◆ **Records supplied**
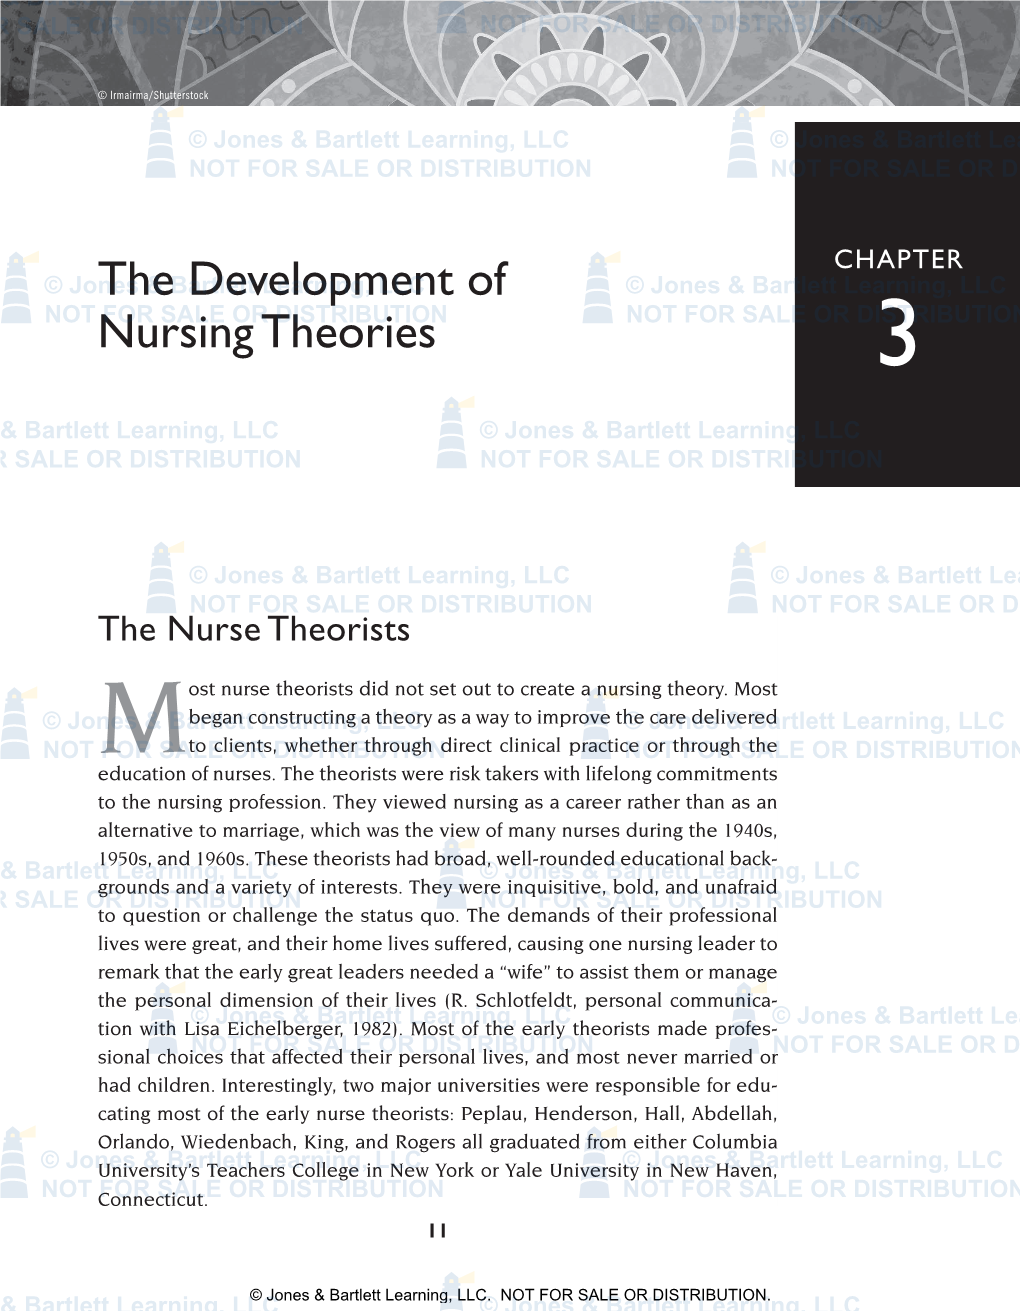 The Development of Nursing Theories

==

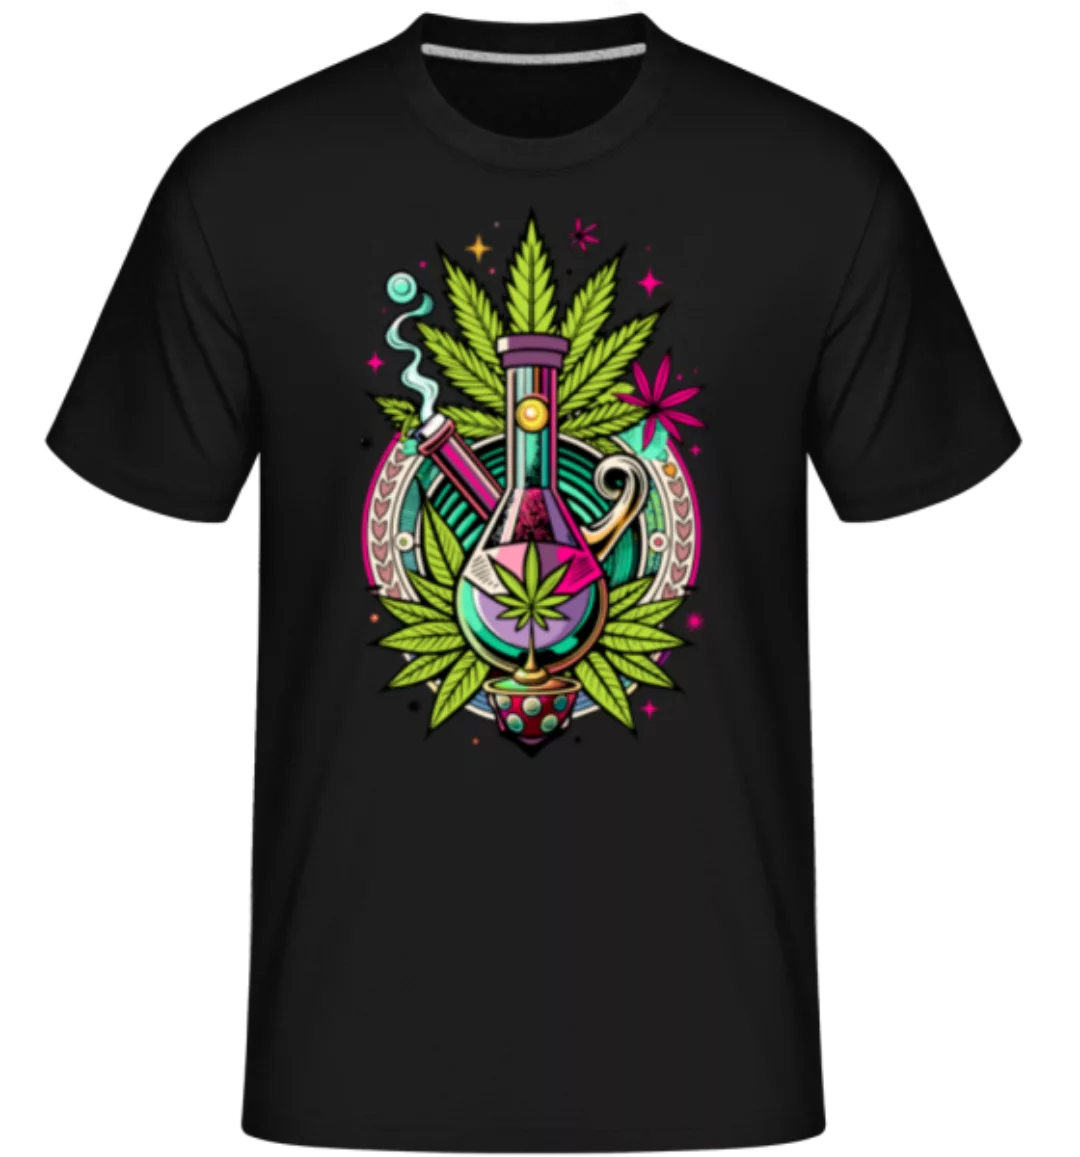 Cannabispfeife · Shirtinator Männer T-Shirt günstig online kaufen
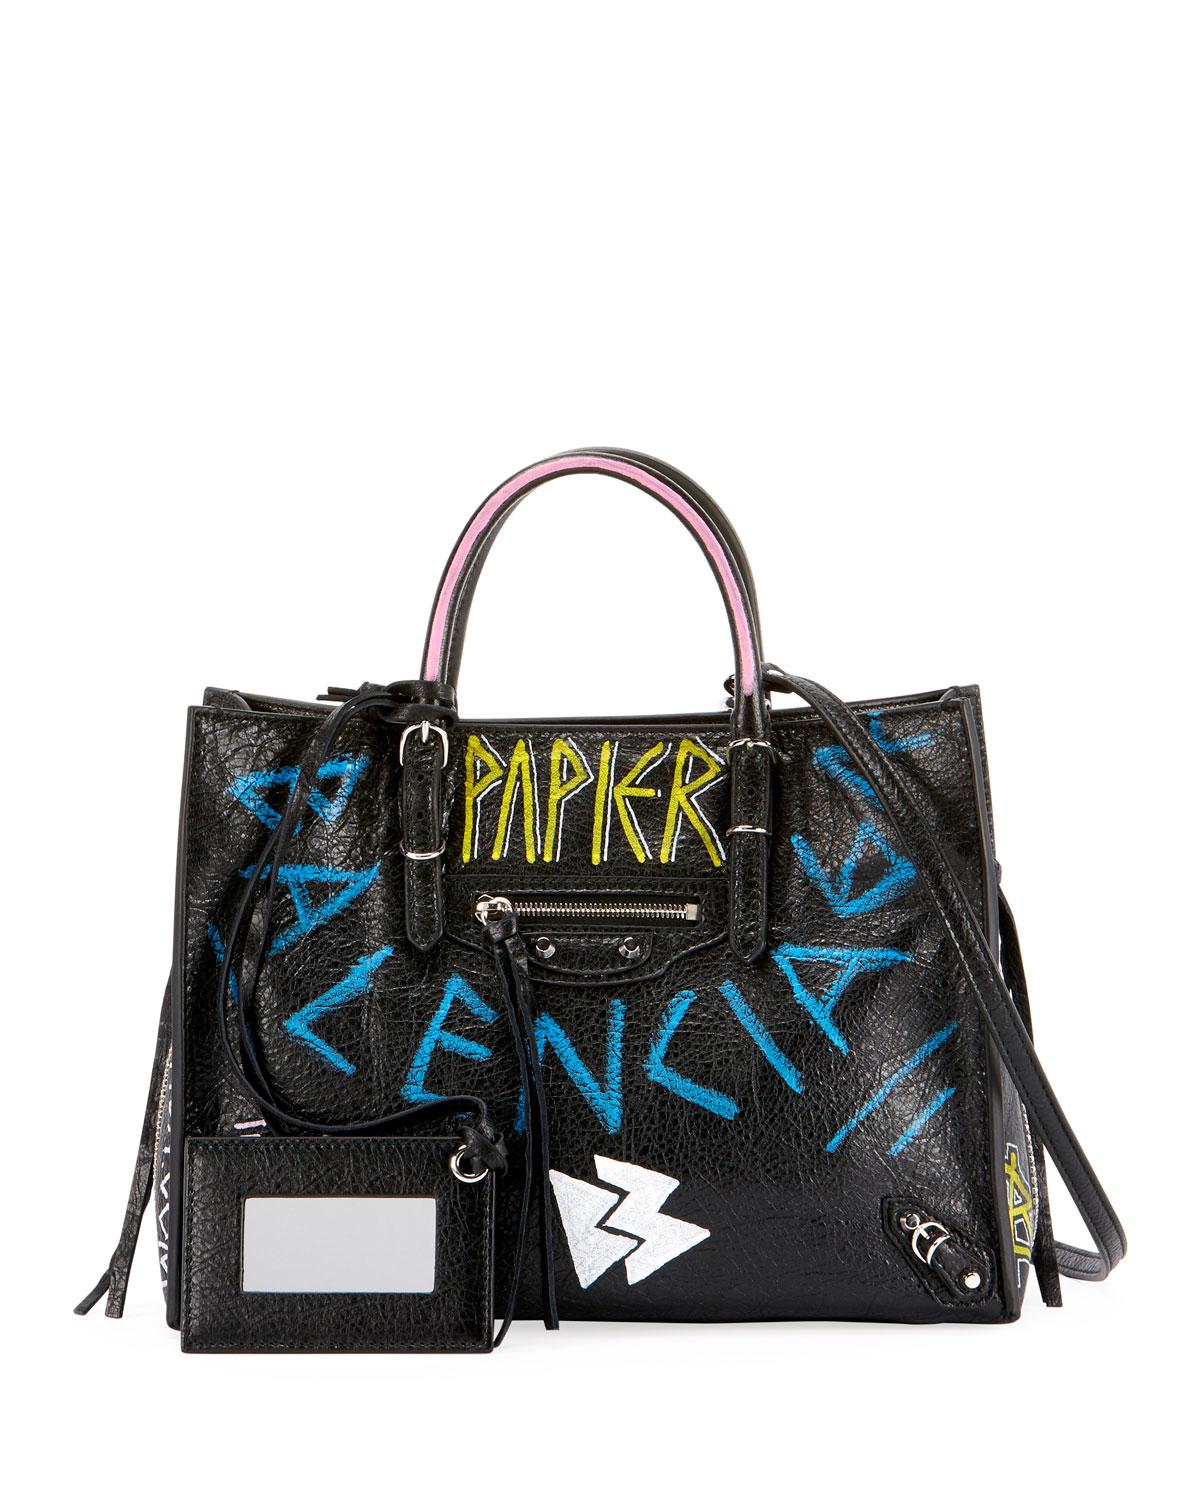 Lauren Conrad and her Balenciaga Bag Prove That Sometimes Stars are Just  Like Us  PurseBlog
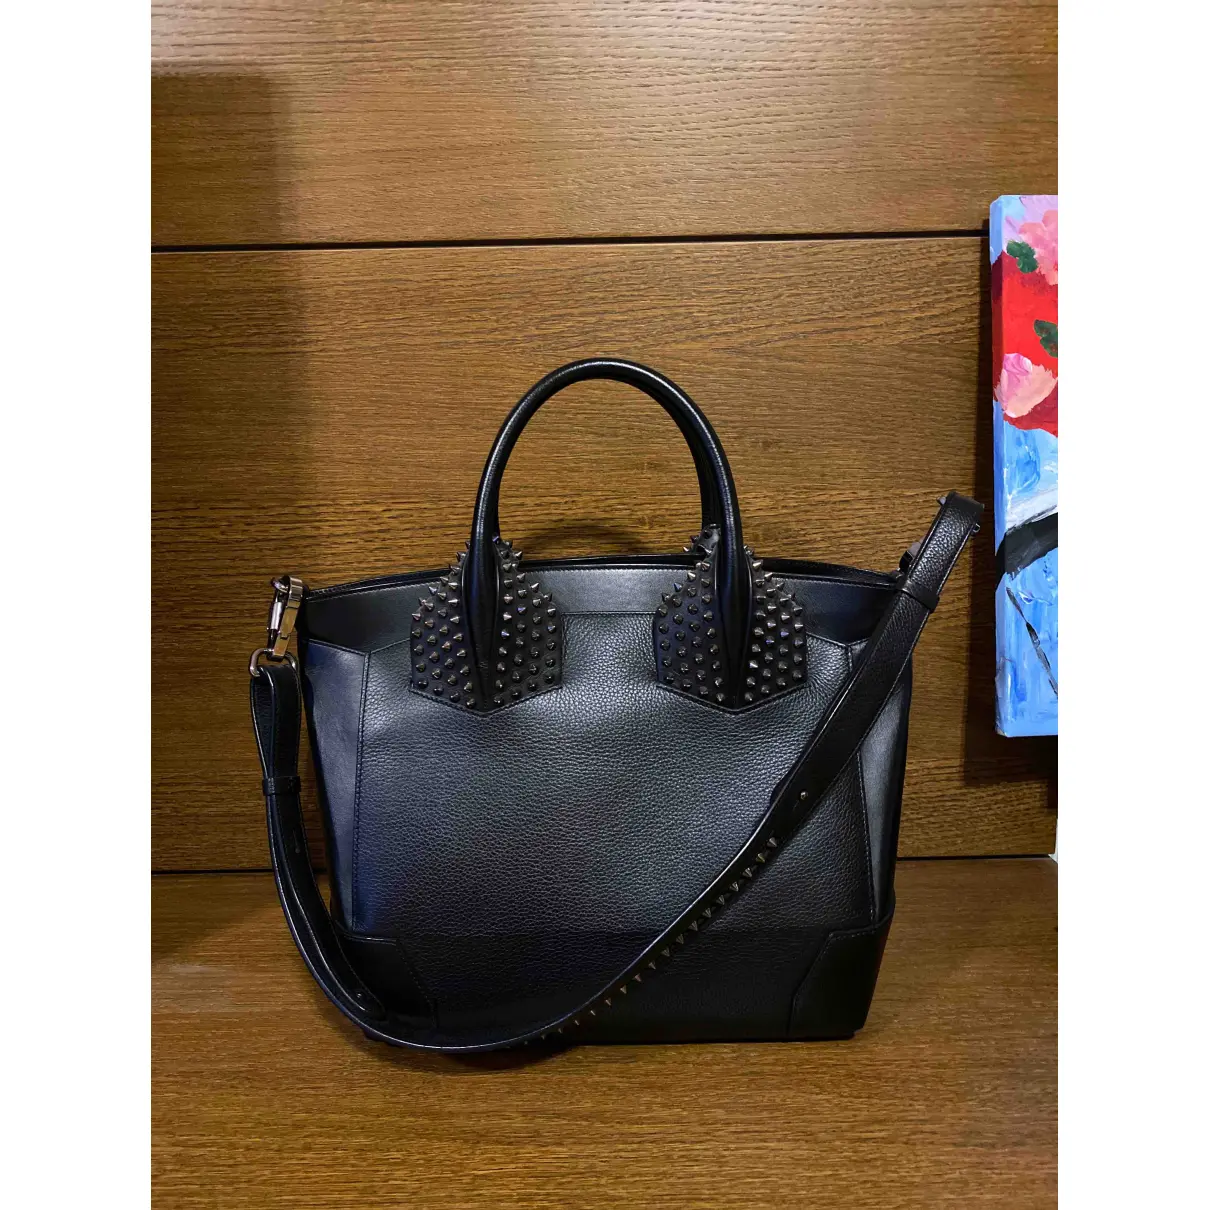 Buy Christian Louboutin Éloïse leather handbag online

◆ **Assignment**
Pictures in the entries do not go into the copy. Print only the lines starting at the one containing "Cannabispfeife · Shirtinator" and ending at the one containing "Buy Christian Louboutin", exactly as they appear.

◆ **Exercise output**
 Cannabispfeife · Shirtinator Männer T-Shirt günstig online kaufen
 Lauren Conrad and her Balenciaga Bag Prove That Sometimes Stars are Just  Like Us  PurseBlog
 Buy Christian Louboutin Éloïse leather handbag online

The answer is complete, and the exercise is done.